Article published on the 2009-03-09 Latest update 2009-03-12 14:15 TU

Acrobats perform at the closing ceremonies.(Photo: Reuters)

Acrobats perform at the closing ceremonies.
(Photo: Reuters)

The 21st Fespaco concluded with an awards ceremony that was scheduled to last two hours but clocked in at almost five. The President of Burkina Faso, Blaise Compaoré, presided over musical interludes, choreographic spectacles and the thirty or so Fespaco awards and acknowledgements.

Several characters were notable by their absence, the Ouagadougou public to begin with. A few minutes in the sun-baked uncovered sections of the 4 August stadium would be enough to explain that however.

The major gong collectors were also elsewhere. Compaoré handed over the Golden Stallion of Yennenga to Haile Gerima’s sister (for Teza) while colleagues did the necessary for the silver statuette given to John Kani (for Nothing but the Truth) and for Lyes Salem (for Mascarades).

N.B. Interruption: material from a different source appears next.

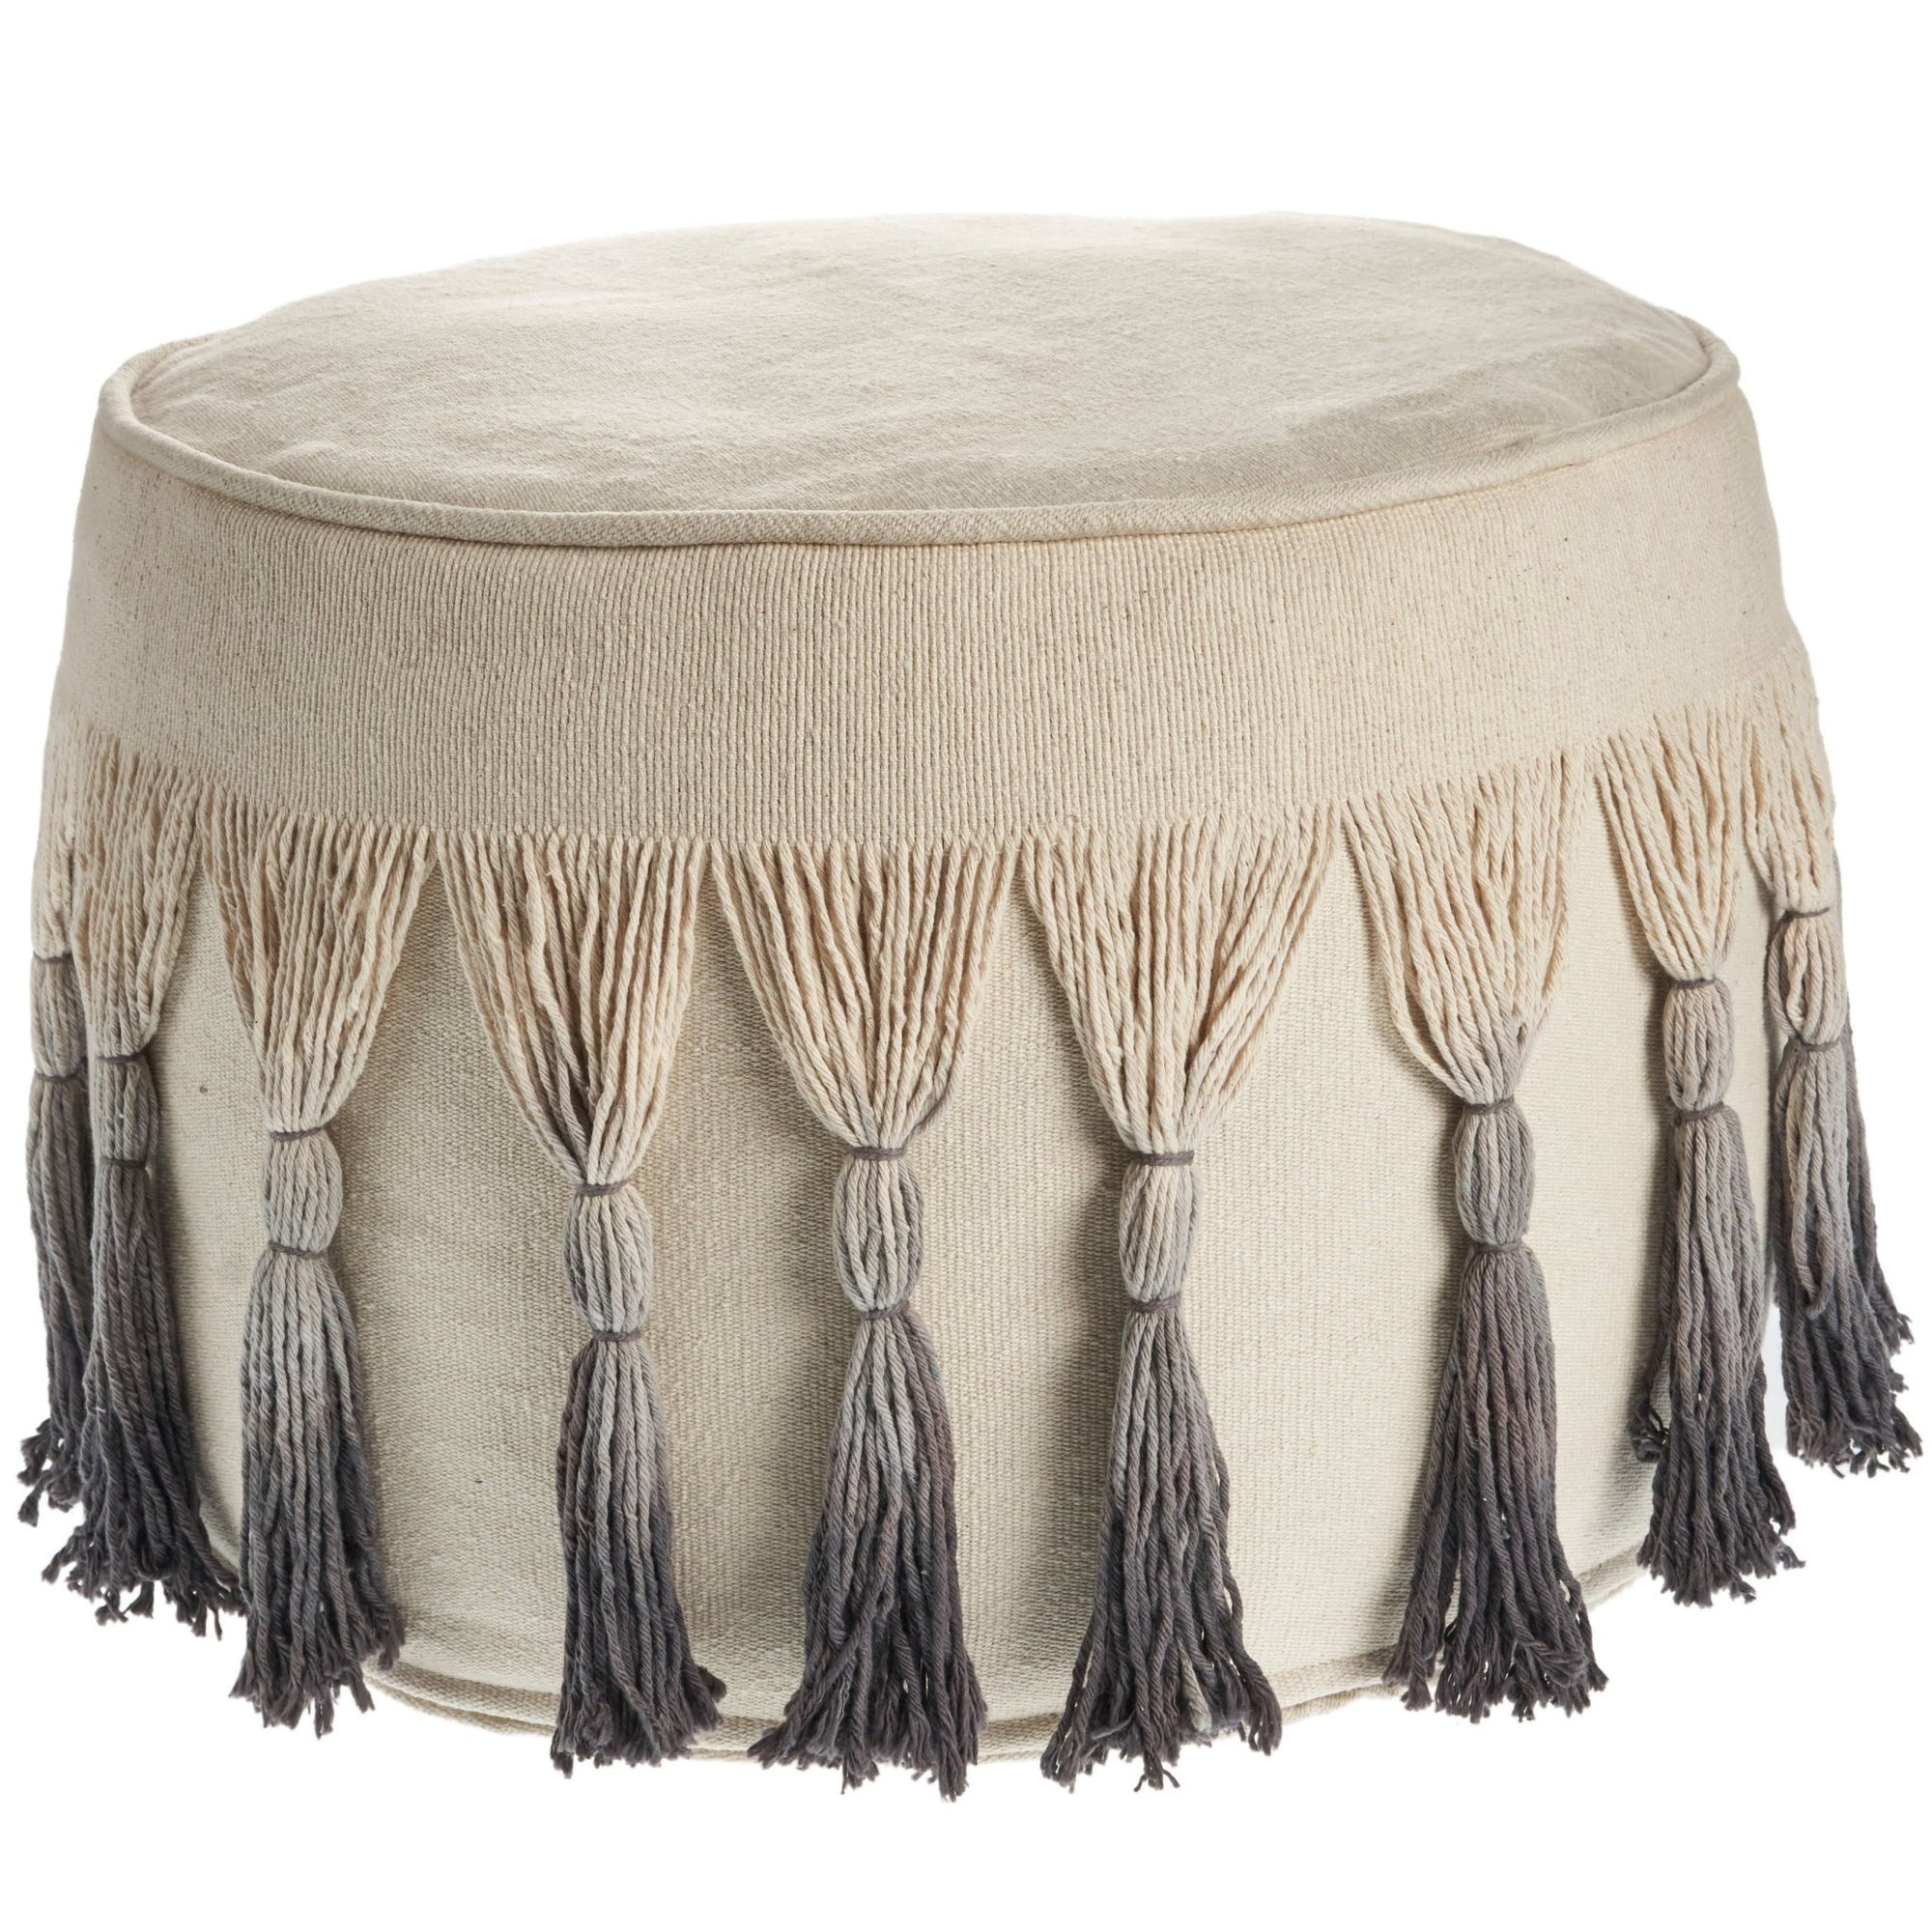 Sophisticated Ombre LR99713 Pouf - Rug & Home

The jury's decisions gave rise to some pondering and discussion, although none on the subject of the main award to Gerima.

Jury President Gaston Kaboré pointed out that, while in terms of Best Film all the films are eligible as long as the director is African, when you move into the technical awards such as Best Music or Best Editing the musician or editor has to be African to qualify for that particular category. So some films weren’t actually in the running for the smaller awards even though the film was classed as an African film for the main award.

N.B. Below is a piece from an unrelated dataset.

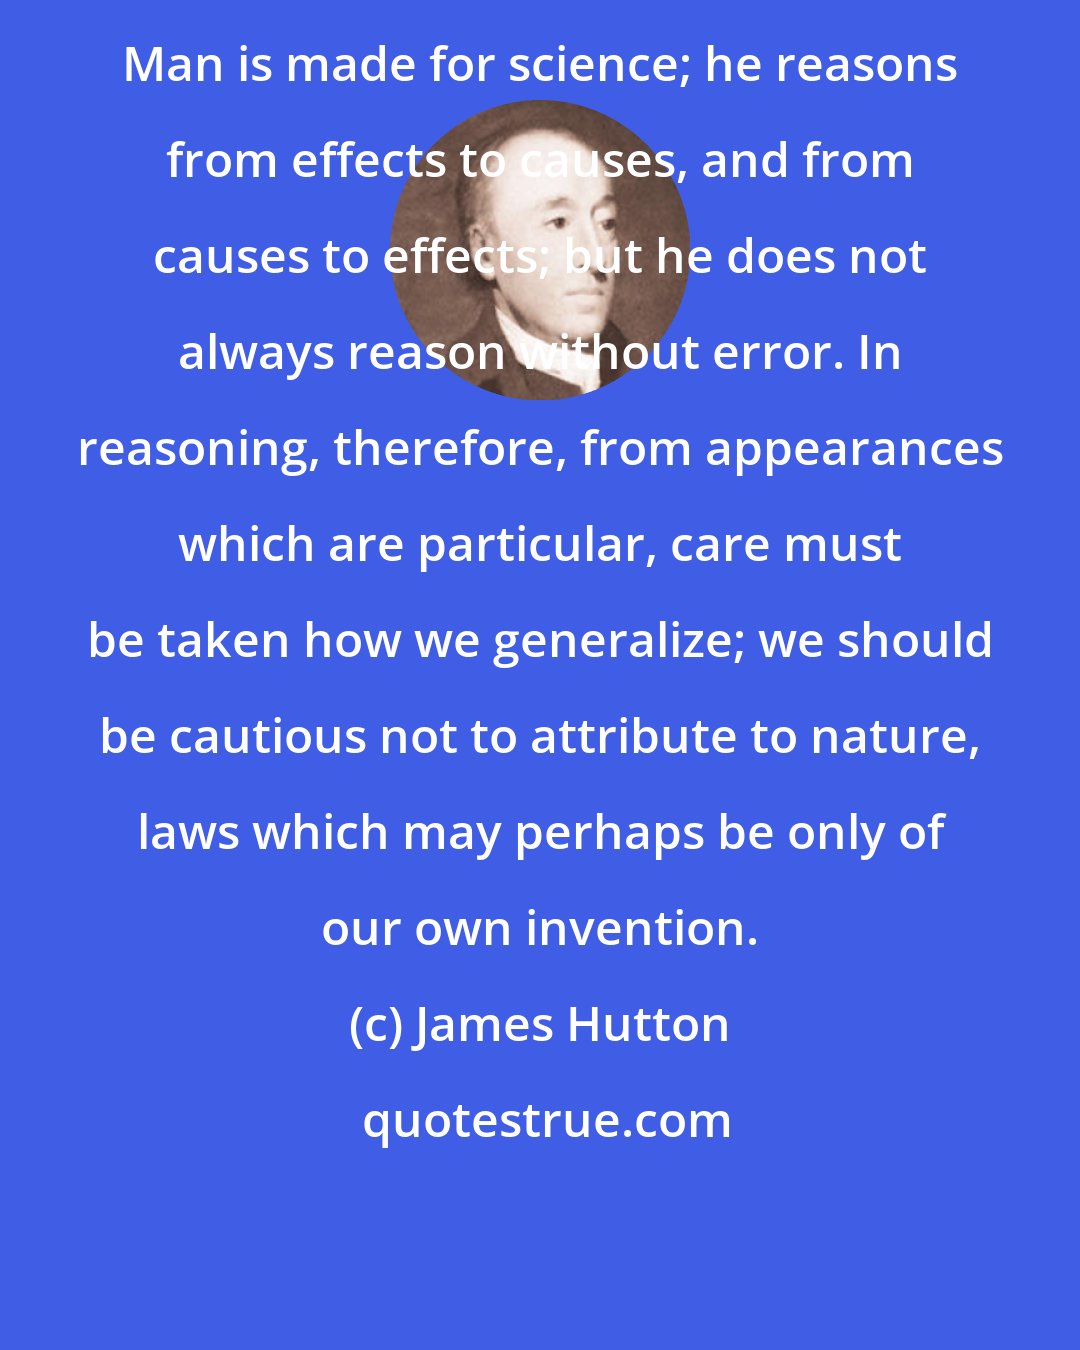 James Hutton: Man is made for science; he reasons from effects to causes, and from causes to effects; but he does not always reason without error. In reasoning, therefore, from appearances which are particular, care must be taken how we generalize; we should be cautious not to attribute to nature, laws which may perhaps be only of our own invention.

Beyond John Kani’s Silver trophy, South African films were on the podium for Jerusalema and for the TV series When we were black. Perhaps the most interesting film with a South African connection this year – apart from Michael Raeburn’s Triomf - is not actually from South Africa at all.

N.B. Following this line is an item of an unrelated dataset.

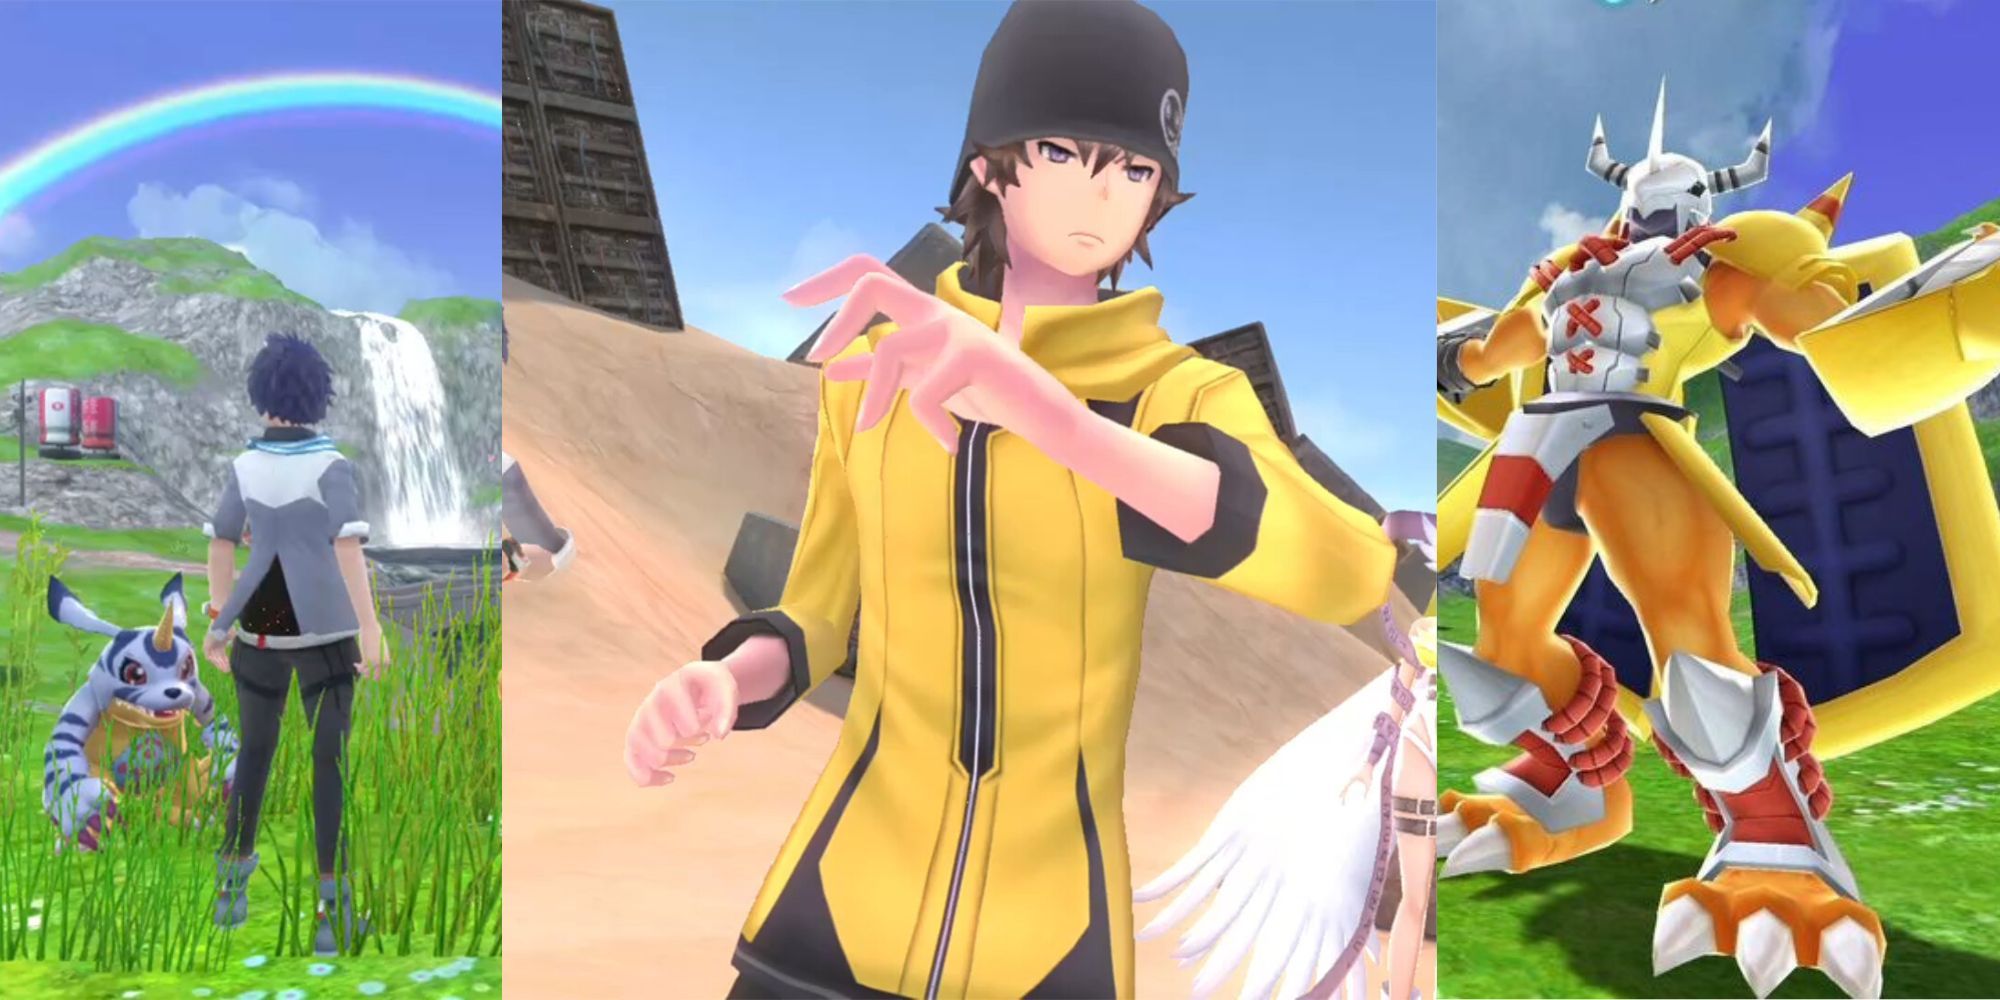 Digimon Battle Header images of male main character

It’s the film that picked up second prize in the Documentary category – Behind the rainbow - and comes from the Egyptian filmmaker Jihan El-Tahri. Her film is a history of the ANC and features interviews with Jacob Zuma, Thabo Mbeki and all the people who might be able to answer her central question, “What becomes of a liberation group when it gets into power?”

The festival-goers seem generally unimpressed with the organisation this year, with copies of films not turning up at their respective cinemas, filmmakers left stranded without plane tickets and movies playing in cinemas where the lights don’t actually go down.

You do get the feeling something’s slightly amiss when an actress like Mali’s Maimouna Helène Diarra – known from films like Bamako and Sembène Ousmane’s Mooladé - is seeking out journalists rather than the other way round.

She was here this year with the Malian television series Duel a Dafa from director Ladji Diakité and described herself as “disgusted”. “The organisation is rubbish,” she said.

Although films are screened on national television, the free open-air screenings of previous year are gone, in a bid to get people inside the Ouagadougou cinemas. Diakité told me “this year is just not the same as previous years”.

Algerian filmmaker Lyes Salem, who brought the film Mascarades to Fespaco and picked up a Bronze Stallion for his troubles, left before the awards ceremony. Before he went he said, “it’s my first time in Burkina Faso and I don’t think I’ve ever seen poverty like this. And we’re at a festival that costs…”. He didn’t know how much but he guessed it cost a bit.

Malawi’s Shemu Joyah is also on his first visit with his television film Seasons of a life.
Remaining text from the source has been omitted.